Friday, June 1, 2018

Week-end Wrap - June 2, 2018

Week-end Wrap - June 2, 2018
by Tony Wikrent
Economics Action Group, North Carolina Democratic Party Progressive Caucus


“Here’s what businesses did with Trump tax-cut windfall. Hint: they didn’t spend it” [MarketWatch, linked by Naked Capitalism]. “American businesses got a huge tax cut in the first quarter, but they didn’t do much with the extra cash. Most of the dough ended up in their bank accounts…. For the most part, the tax savings fattened up the bottom line. Cash flow rose at a $100 billion annual rate while dividends increased at a scant $3.4 billion pace.”

It is important that progressives be able to explain why Republican tax cuts do not work as intended. They do not lead to increases in corporate investment; rather, they lead to profit-taking, speculative binges, and the creation of asset bubbles which eventually cause a financial crash. The cycle takes from five to seven years, judging from the results of the Republican tax cuts of 1924, 1981, and 2001-2003. In January 2017, we explained the mechanics of the counter-intuitive relationship between tax cuts, financial crashes, and industrial ruin: Why Republican Tax Cuts Always Cause A Financial Crash.


Meet the Economist Behind the One Percent’s Stealth Takeover of America, by Lynn Parramore, May 30, 2018 [Institute for New Economic Thinking, linked by Naked Capitalism].
A useful summary by Parramore of Duke University historian Nancy MacLean's book on George Mason University "public choice" economist James McGill Buchanan. After Buchanan died in January 2013, MacLean was the first researcher to gain access to Buchanan's office and archives. She was stunned by what she found: 
The archive of the man who had sought to stay under the radar had been left totally unsorted and unguarded. The historian plunged in, and she read through boxes and drawers full of papers that included personal correspondence between Buchanan and billionaire industrialist Charles Koch. That’s when she had an amazing realization: here was the intellectual lynchpin of a stealth revolution currently in progress.
Buchanan was an traditional Virginia bigot. Reacting to the forced desegregation of schools, Buchanan developed an economic philosophy that made "property rights" paramount and condemned any government interference as an assault on liberty. Ever met a right-wing ideologue who insisted that taxation was theft? They were spouting the cooked-down residue of Buchanan's public choice economics. 

Particularly important is MacLean's conclusion that Buchanan's economics were grounded in the ideas of John C. Calhoun, the antebellum South Carolina USA Senator who aggressively defended slavery. I have argued that the typical leftist position--that the USA was founded as a conscious attempt to preserve and perpetuate a new white ruling class--is a rejection of the Enlightenment ideals of republicanism. This rejection results in a catastrophic failure to identify and understand the actual agents of the corporatist usurpation of the American experiment in self-government. Summarizing MacLean's conclusion regarding Calhoun and Buchanan, Parramore writes:
Economists Tyler Cowen and Alexander Tabarrok, both of George Mason University, have noted the two men’s affinities, heralding Calhoun “a precursor of modern public choice theory” who “anticipates” Buchanan’s thinking. MacLean observes that both focused on how democracy constrains property owners and aimed for ways to restrict the latitude of voters. She argues out that unlike even the most property-friendly founders Alexander Hamilton and James Madison, Buchanan wanted a private governing elite of corporate power that was wholly released from public accountability.
See also US Supreme Court Ordered Desegregation, then Conservatives Worked to Demolish Public Education, by Yves Smith, May 25, 2018 [Naked Capitalism].

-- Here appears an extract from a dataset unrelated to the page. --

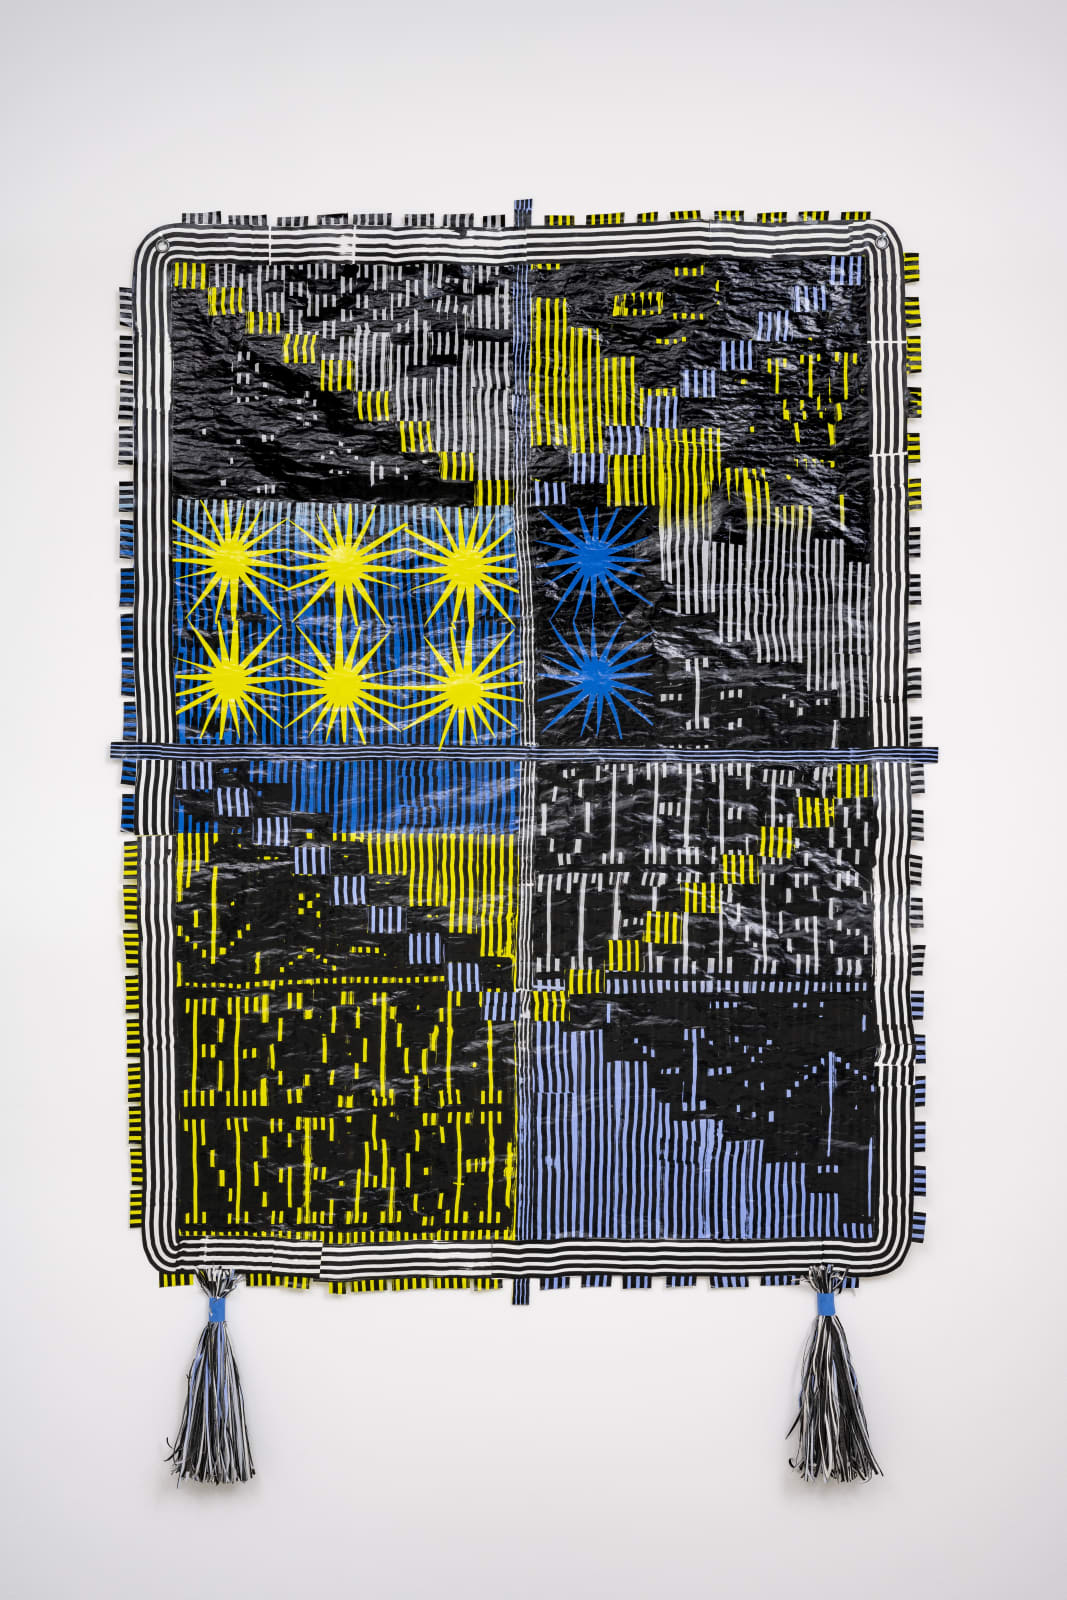 Sofía Clausse Paper Tapestry #3, 2021 Acrylic on paper and mixed media 90 x 150 cm

New government accounting standard can force disclosure of the real cost of tax incentives. By Mya Frazier, May 29, 2018 [Columbia Journalism Review]. As ever more parts and parcels of the public sector are privatized, it is becoming more and more difficult to pry this information out of local and state governments. The story is full of examples of eye-popping tax revenue losses local and state governments have accepted as the price of "attracting" business, such as New York City losing $3 billion in incentives doled out to housing developers.
In 2015, the nonprofit Governmental Accounting Standards Board, which sets financial reporting standards for US state and local governments, issued the rule change in Statement 77. Although voluntary, most governments follow GASB rules because it helps them get higher bond ratings. The new rule requires governments to disclose not only the dollar amount of tax abatements in annual financial reports, but also their purpose, as well as any commitments to build infrastructure assets for companies.
This could be a useful tool we can use in North Carolina.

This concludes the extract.